Additive manufacturing (AM) is becoming a growing priority for many mold companies. This is happening because of decreasing cycle times made available by new tool design capabilities made possible by AM, like conformal cooling. As recently as three years ago, moldmakers might have felt that customers were unwilling to pay the extra cost associated with conformal cooling and AM. However, this response is beginning to disappear from conversations. Instead, it is being replaced with comments like, I can’t believe we’re losing jobs to a competitor who charges three times what we do!
In most cases, shops losing out to higher priced bids are losing out to better cycle times — in many cases, more than two times better. So over the lifetime of a mold, it makes sense for customers to budget more upfront costs to make significantly more money over that mold’s production lifecycle, especially for high-volume products.
This is not to say that conformal cooling, topology optimization and AM are always a no-brainer. It still depends on the specific job and a company’s strategy for manufacturing its mold. For example, it’s still unreasonable in most cases for a company to manufacture a massive automotive mold entirely with 3D printing. However, roughing out a large mold cavity and creating inserts for parts requiring faster cycle times makes a lot of sense in many cases. As moldmakers face more demand for high-volume products, cycle times become an ever-growing priority.
So, what can a mold builder do to give itself the best chance for success in this changing landscape? The answer can be found in three key areas where a moldmaker should build capacity to prepare for a world of shrinking cycle times and customers willing to pay more for more productive tools. A shop looking to move further into 3D printing should immediately invest in the first two areas and consider its preferred strategy for tackling the third.
- Simulation
Cooling simulation and finite element analysis (FEA) are two aspects of simulation that are especially relevant to moldmakers in this conversation.
Cooling simulation — While many mold professionals might prefer to use professional experience and personal judgment on mold cooling and cycle times with traditional molds, the same can’t be said of molds manufactured additively with optimized topology and conformal cooling since very few professionals have deep experience in these areas. For this reason, companies are investing in cooling simulation technologies to perform cooling simulations.
One primary reason for this is to determine which projects will benefit the most from conformal cooling, which enables a company to decide on a case-by-case basis when it wants to use conformal cooling, and, therefore, AM (since most conformal cooling channels can’t be manufactured by traditional machining). This simulation will also provide companies with an accurate way to quote lower mold cycle times and win more work.
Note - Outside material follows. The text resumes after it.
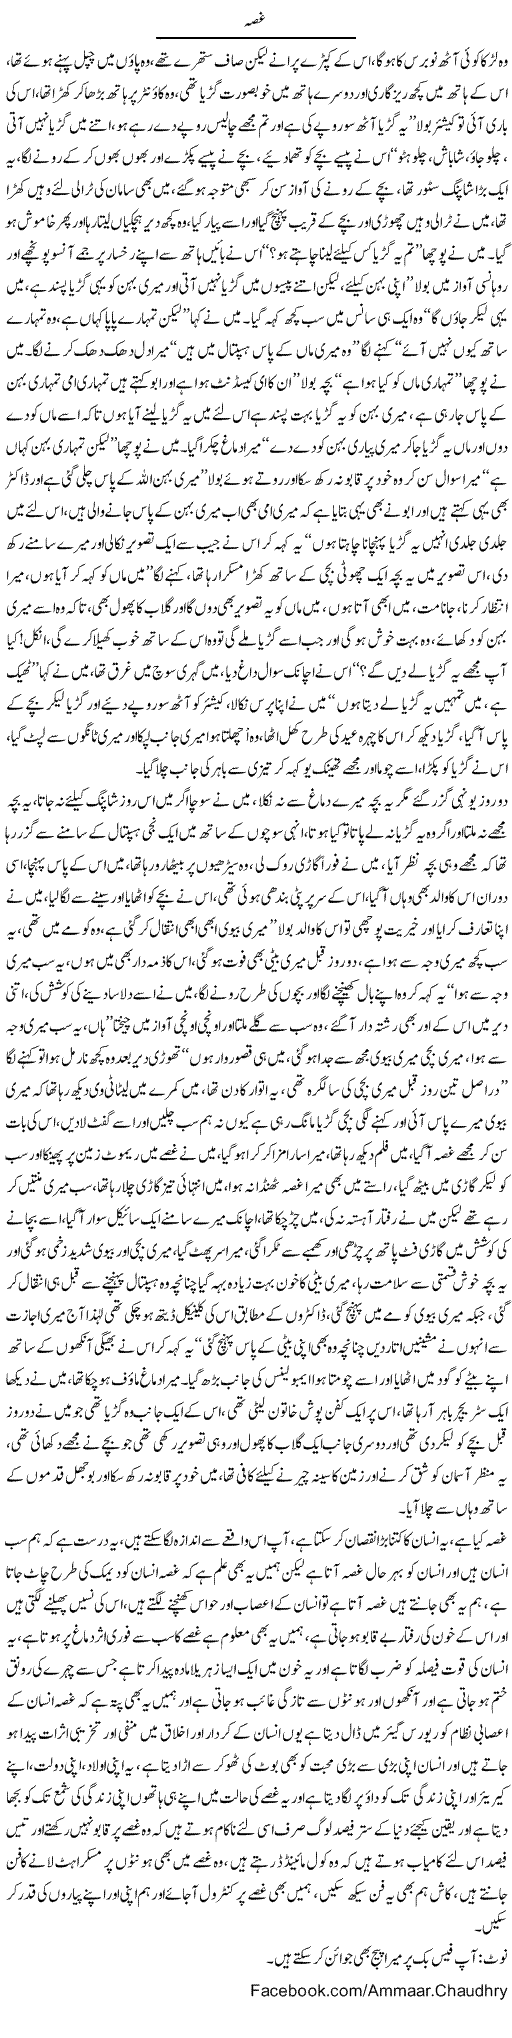 Story of a Boy Express Column Amad Chaudhry 16 October 2011

FEA — While it’s been around for many years, FEA analysis is seeing a growing interest from the mold industry due to new efforts to optimize the topology of tools. For example, companies are looking to reduce the weight of their tools by removing material, but doing so requires a precise simulation to determine the tool’s structural integrity to ensure it isn’t being compromised in the process.
Growing demand for deflection simulation and analysis is also prompting companies to rethink their mold designs and become more innovative, which requires simulation to ensure the tools will remain high quality and durable.
- Conformal Cooling Design
To decide whether a project will benefit from conformal cooling, a company needs the ability to design conformal cooling channels. In this case, it needs an easy-to-use but powerful solution for generating these cooling channels. Second, the solution needs the ability to analyze these cooling designs for manufacturability quickly.
More recent releases of advanced high-end CAD/CAM/CAE software are powerful in these areas, with dynamic abilities to understand users’ design intentions and to heavily automate the creation of conformal cooling channels around a product inside a mold. Additive modules can also analyze designs for manufacturability and ensure a seamless handoff to the fabrication machine.
- Additive Manufacturing
Once a company can easily design conformal cooling designs, optimize topology and simulate the results to determine the design’s viability, it can decide whether to pursue AM for that project. The company can take two paths at this point: outsource the AM or bring it in-house.
This is a decision that each company will need to make based on return on investment (ROI). Still, the industry trend is for mold builders to bring this technology in-house and shrink their payback period by performing a combination of in-house and contract manufacturing services using 3D printing.
Rapid innovation is driving major improvements in the performance of AM technologies. The newest generations of machines are overcoming many of the perceived limitations of their predecessors, such as by allowing the production of overhanging parts without the need for elaborate printed support structures, or creating stronger parts by controlling the alignment of fiber reinforcements using magnetic fields. The range of materials available for AM systems continues to expand, including high-strength aluminum alloys and medical-grade polymers.
AM systems are getting faster, too. Recent systems based on selective laser sintering (SLS), for example, use as many as one million laser diodes to accelerate the production of parts. And improvements to software and postprocessing technologies are further streamlining the end-to-end journey from concept to finished component. AM technologies pair very well with generative-design systems, which use AI techniques to define and optimize the geometry of parts.
In many sectors, AM has become widely accepted as the fastest and most cost-effective way to produce functional prototypes during product development and testing. AM technologies are also being applied in a growing range of “indirect” applications, including tooling, spare parts, and fixtures for conventional manufacturing machines.